The Hold Steady Bring Bigger Horns & Memorable Craig Finn Tales Via ‘Open Door Policy’ (ALBUM REVIEW)

Since 2014’s underwhelming Teeth Dreams, The Hold Steady has released just one record, 2019’s Thrashing Thru The Passion, a strong return to form for the Brooklyn-based sextet. However, during those years lead singer Craig Finn delivered three solo records (as well as a collection of outtakes, a comic book, and more) remaining busy with his somberly reflective/lightly experimental outings. On the band’s newest release, Open Door Policy, The Hold Steady moves to fully incorporate Finn’s more muted solo offerings, and the result is a disjointed transitional work.

Produced by Joshua Kaufman, there are very few big rock guitar riffs from Tad Kubler or Steve Selvidge, and while the restrained tone highlights the piano of Franz Nicolay (as well as an increased presence of horns) the driving low end of Bobby Drake on drums and Galen Polivka on bass are mostly confined to the sidelines.   

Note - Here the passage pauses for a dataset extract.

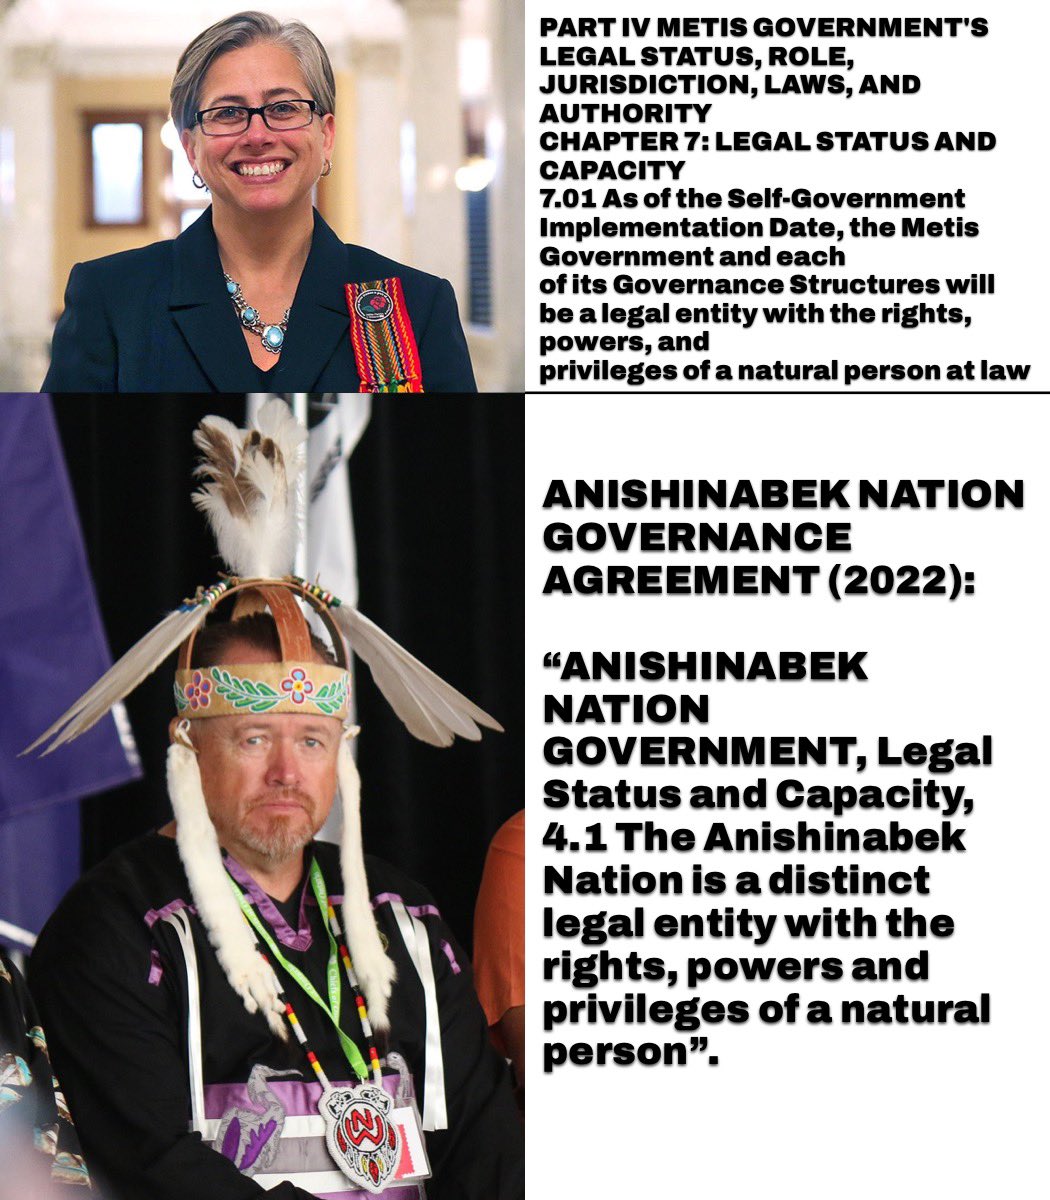 @AylanX For past 8 years Trudeau gov’t has been implementing its pan-Indigenous approach 2 “Reconciliation”-dissolving Dept. of Indian Affairs, passing “Indigenous” legislation, creating 2 “Indigenous” Depts. AFN, COO, UOI & your Band has gone along with it, so it’s a little to cry IMO!

Finn’s novel-like lyrics and spoken word style dominate as tales of midlife crisis, shady drug deals, and failing relationships of all sorts populate each track. While these are standard scenarios in Finn’s and The Hold Steady’s world, there seems to be a sense of confinement and very little joy, meaning or excitement in visiting them in the way Finn sings. While things were always dangerous/bleak lyrically, on past records Finn would exclaim with all his heart, while turning a memorable phrase, making the darkness worth it; those moments are not found on Open Door Policy

“The Feelers” sets the tone for what’s to come with melancholy piano, weepy guitars, and spoken word strung-out lyrics, some parts hold promise but things never fully sync. The ominous “Spices” continues the downer sentiment feeling sluggish when it is time to explode with added horns while themes of restraint and loss continue in script-like fashion for “Lanyards” with its indie film cinematic score and dispassionate vocals.

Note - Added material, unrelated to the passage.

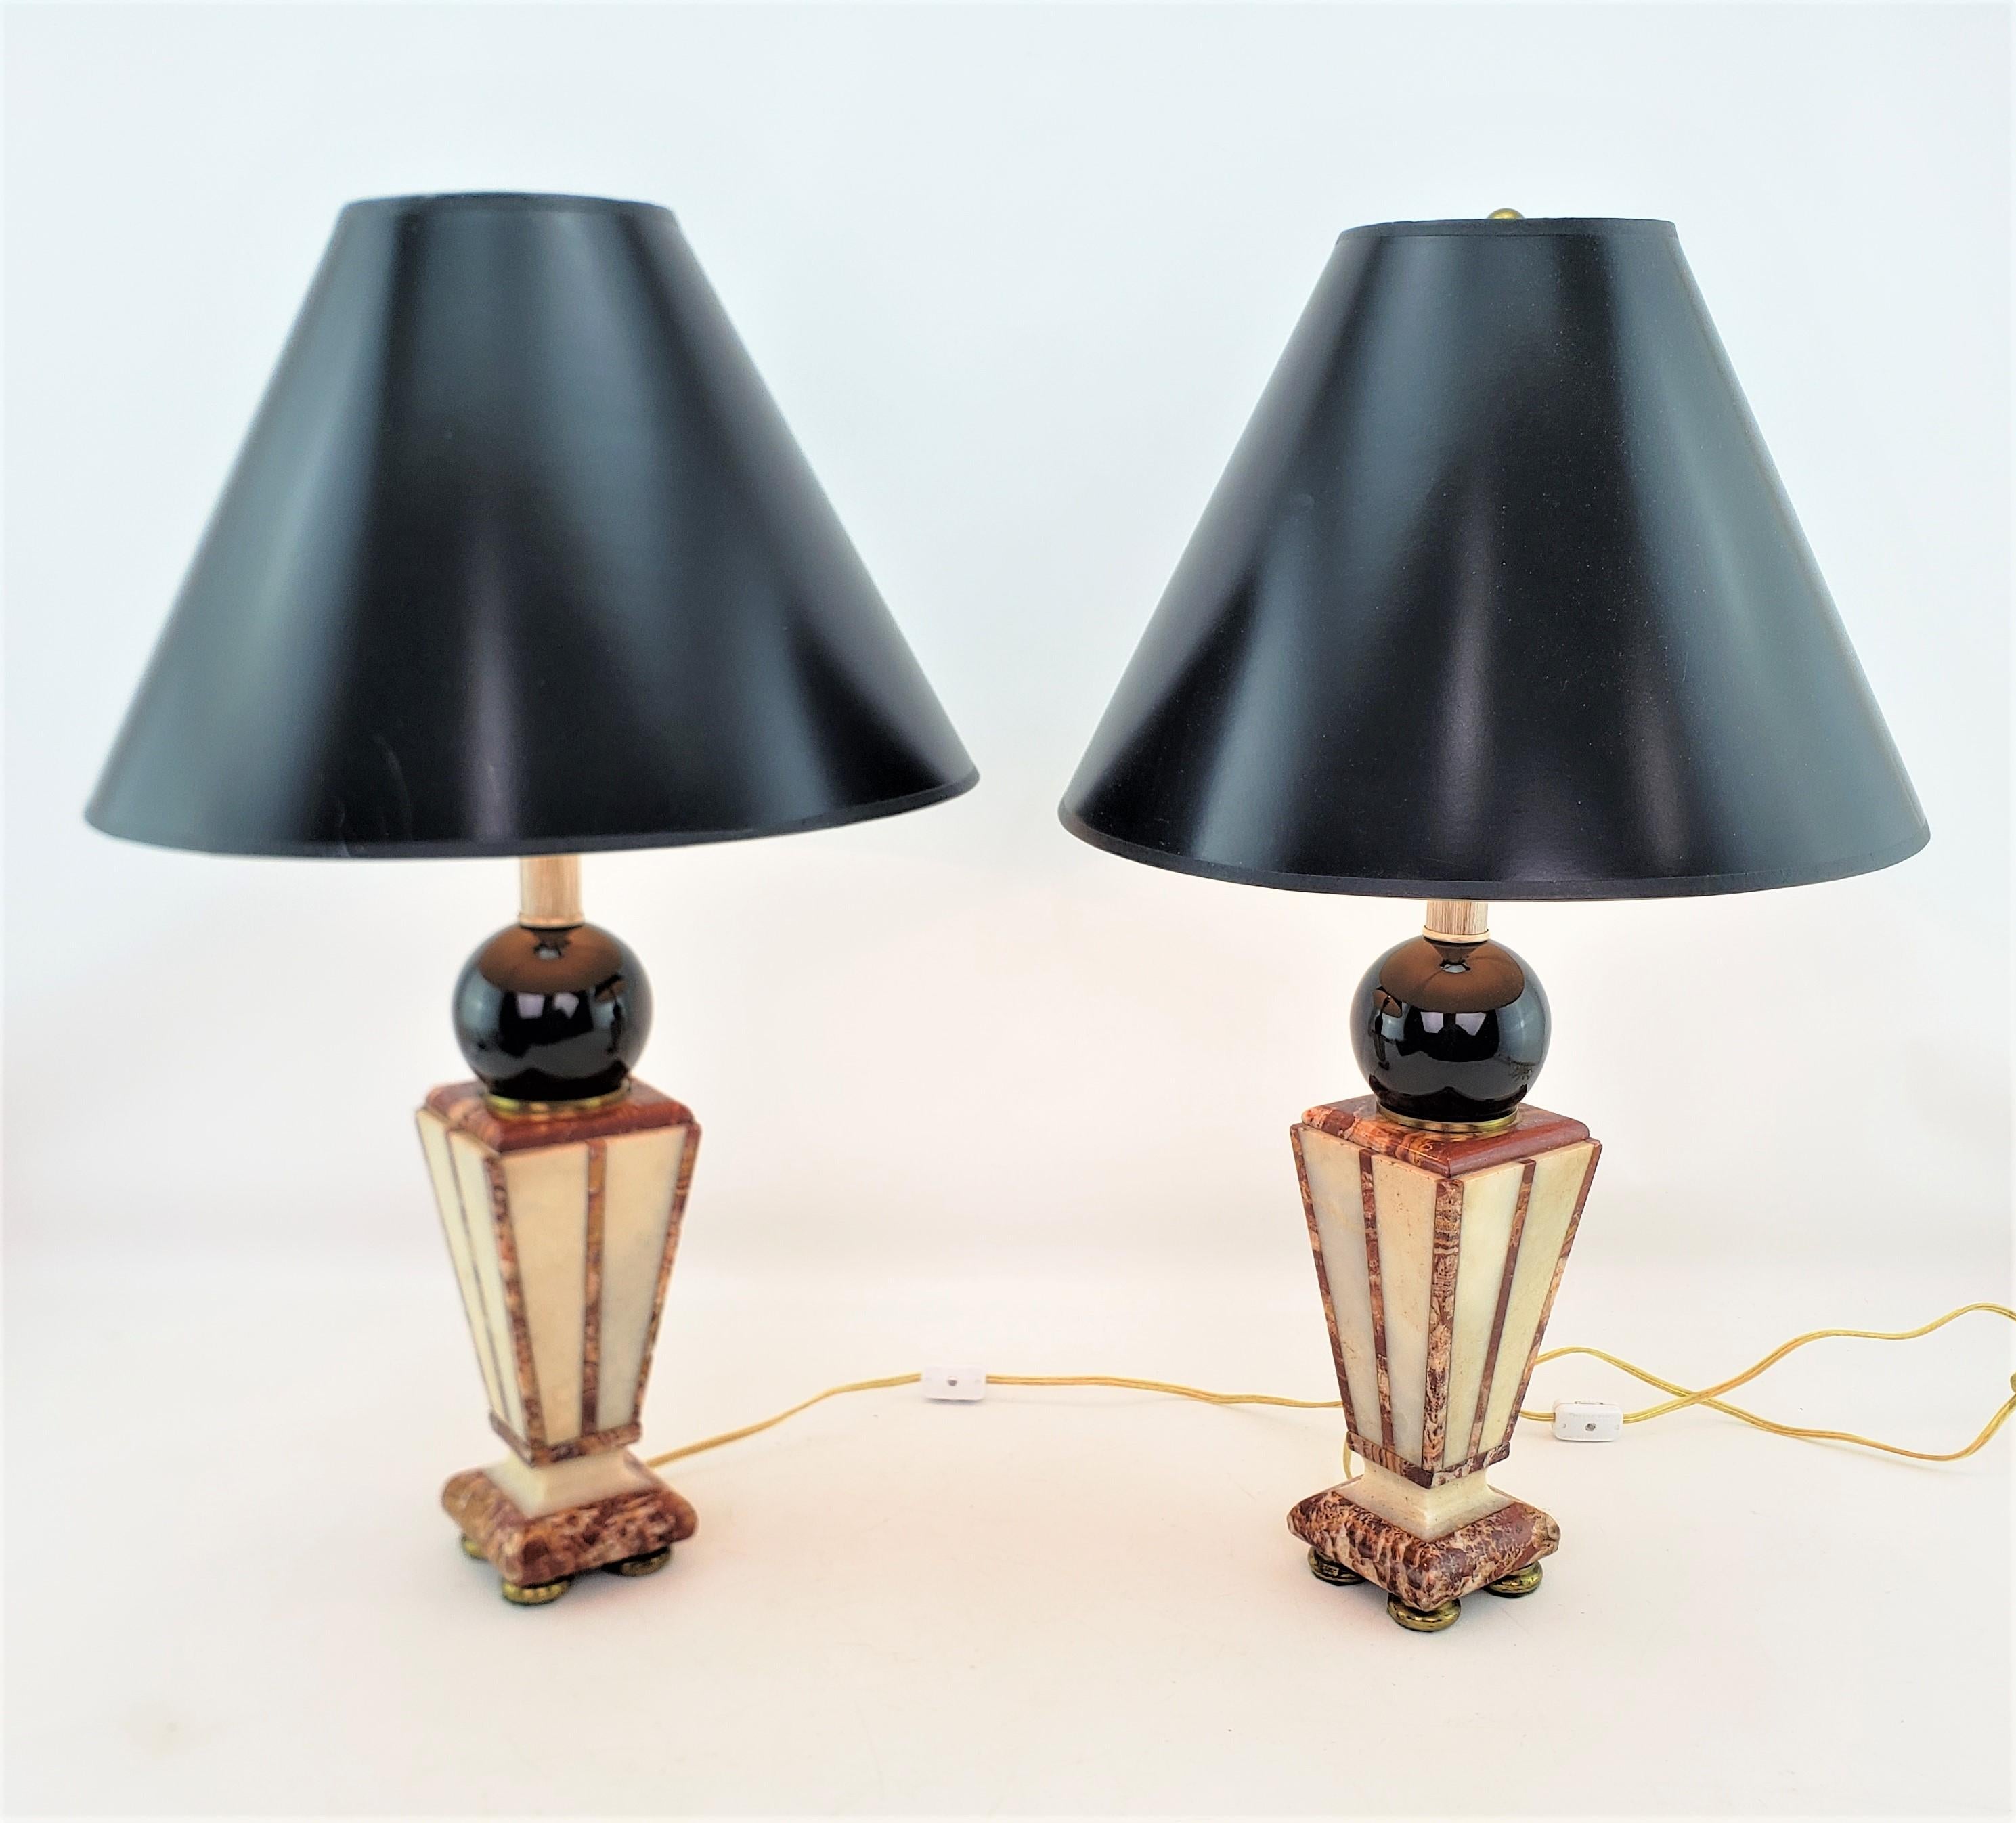 Pair of Converted Art Deco Cut Two Tone Geometric Cut Marble Table Lamp Bases In Good Condition For Sale In Hamilton, Ontario

The first single “Family Farm” is the best effort with plentiful guitars, a rising climax, and a good groove while “Heavy Covenant” delivers the most successful experimentation from the band with a buzzing tense feeling, augmented by keys and horns. That ‘searching for a new sound’ process gets overly clunky with programmed beats, disco-infused woo’s and disjointed lyrics sinking “Unpleasant Breakfast” while “Prior Procedure” also never fully coalesces as The Hold Steady seem to be reaching for midlife indie dad rock, designed in the vein of The National, which doesn’t play to their collective strengths.  

The album’s final three numbers point in a more positive direction as “Riptown” delivers with its handclaps and folksy bounce while “Me & Magdalena” stops/starts with a late 70’s rock purpose. “Hanover Camera” uses a smoky groove reminiscent of Tom Petty & The Heartbreakers “Breakdown” to wrap up the dour record as Open Door Policy finds Finn fusing his restrained solo work and The Hold Steady’s big rock sound, with the results falling somewhere in between as the somber gloom increases and the overall feeling deflates into hollow despair.